◆ **TASK DETAILS**
Return the data below exactly, please, but drop the pictures.

◆ **DATA SHOWN**
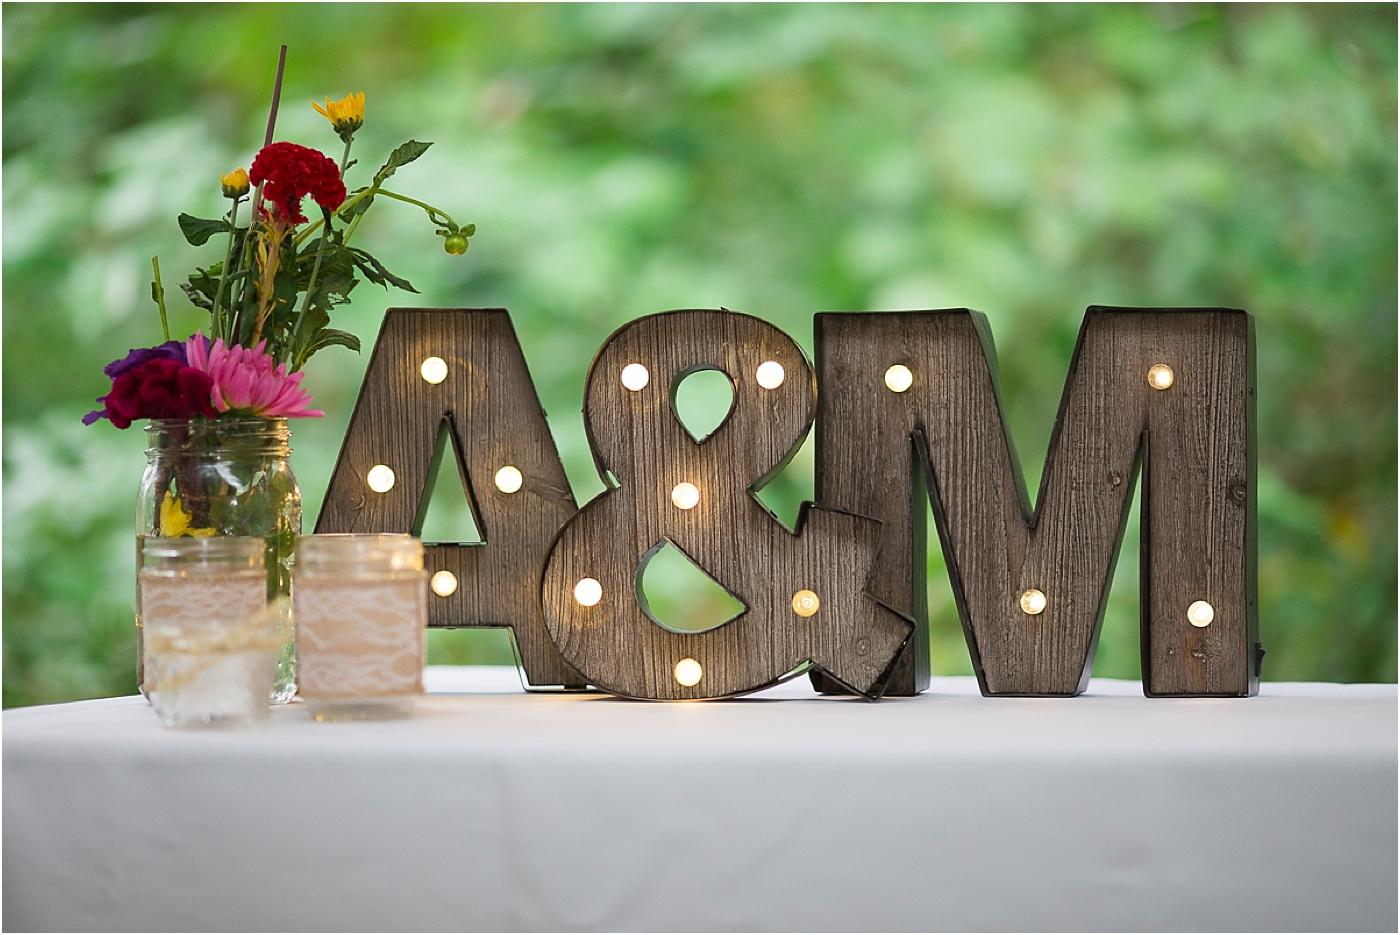 Annie-Mike-Backyard-Wedding-12.jpg
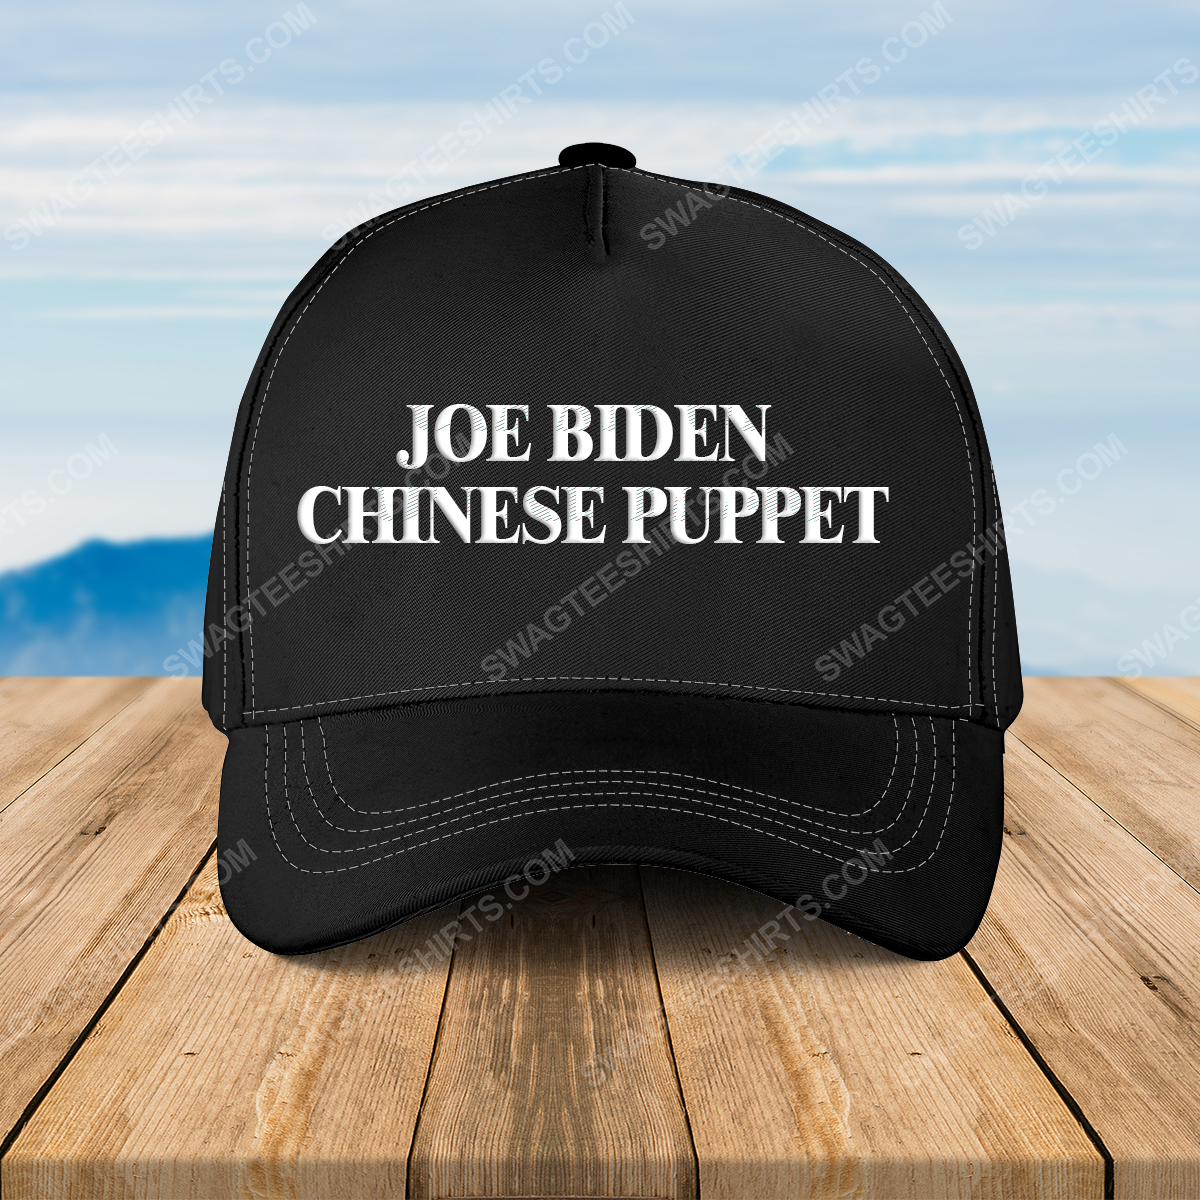 Joe biden chinese puppet full print classic hat 1 - Copy
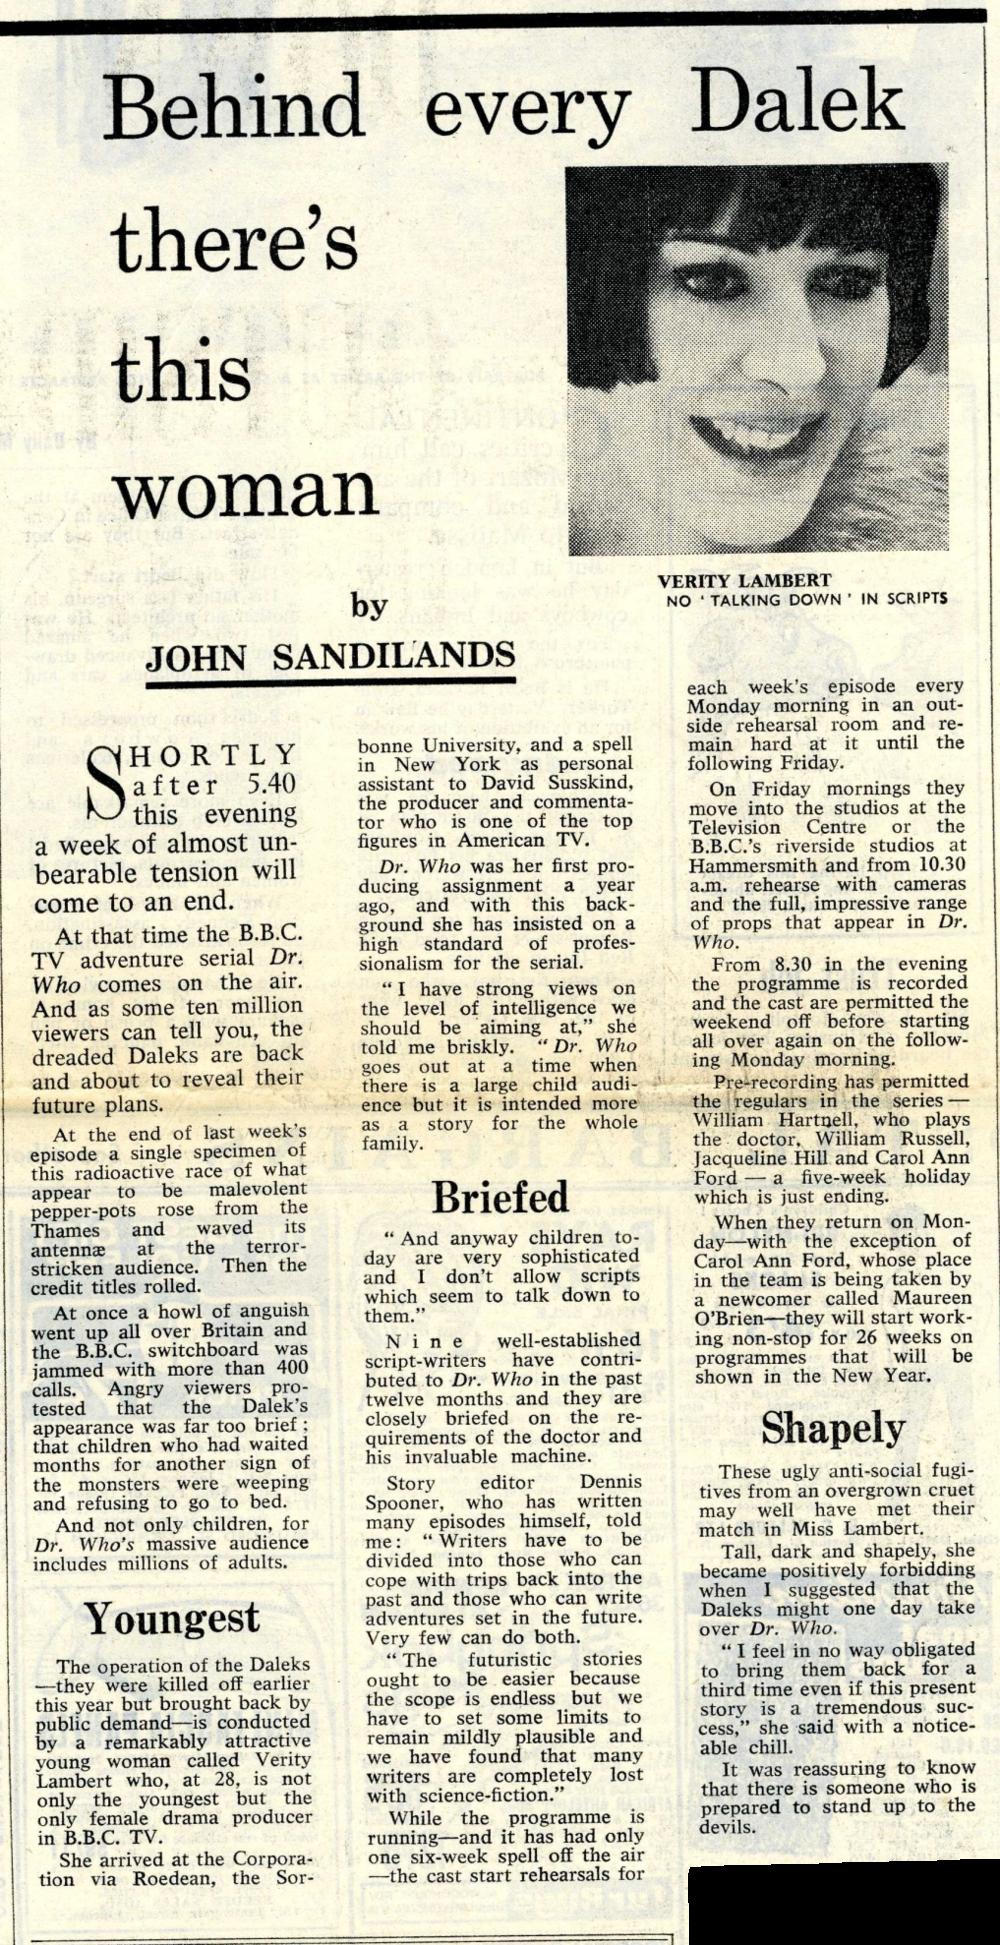 Daily Mail, 26 November 1964
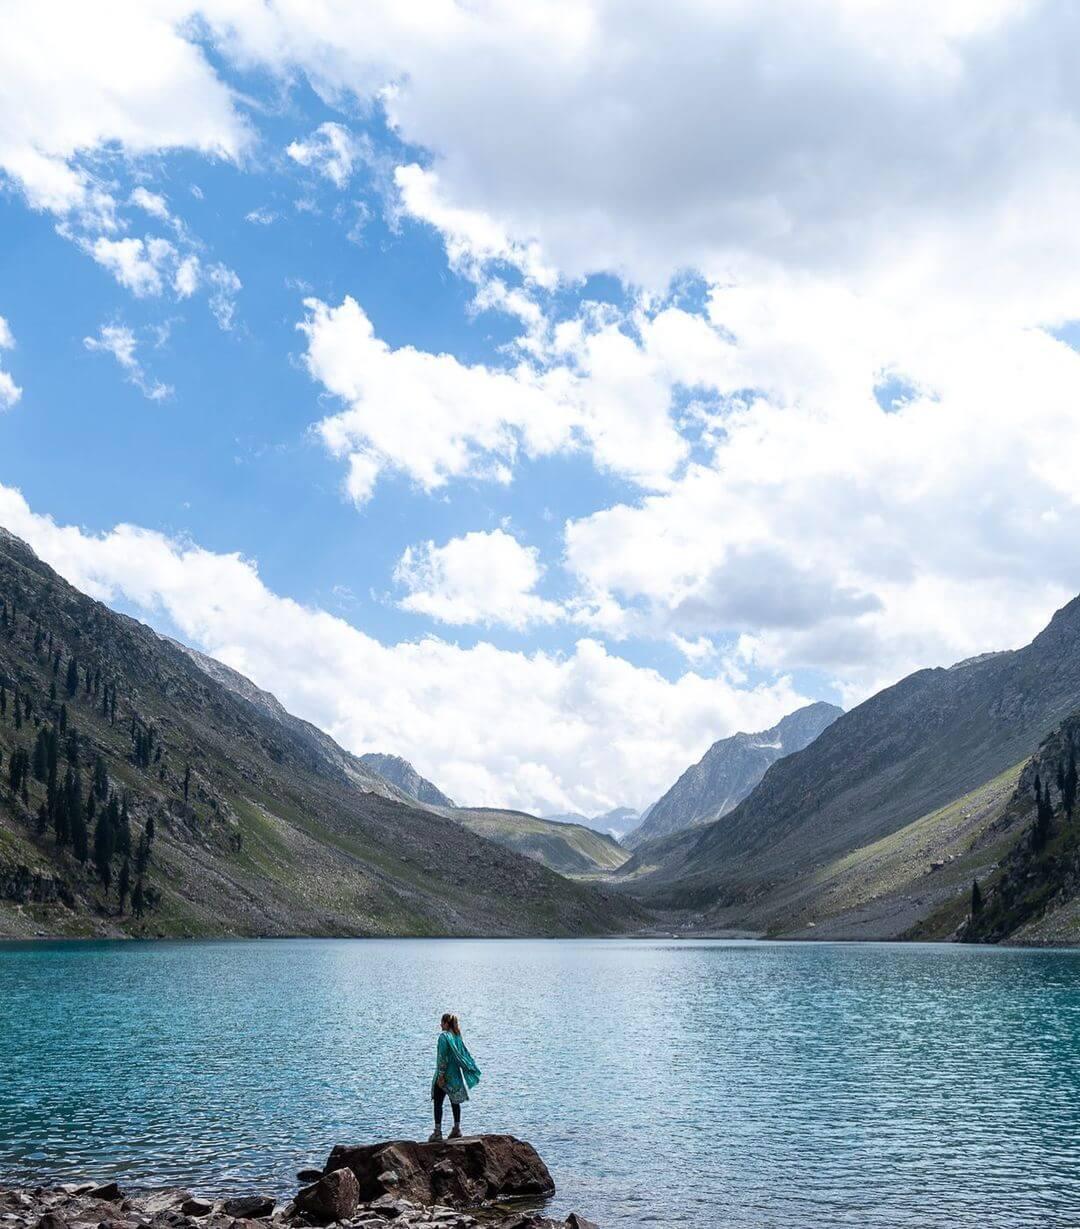 Samantha standing at a gorgeous laske in Pakistan

◆ **EXERCISE OUTPUT**
 Annie-Mike-Backyard-Wedding-12.jpg
 Joe biden chinese puppet full print classic hat 1 - Copy
 Daily Mail, 26 November 1964
 Samantha standing at a gorgeous laske in Pakistan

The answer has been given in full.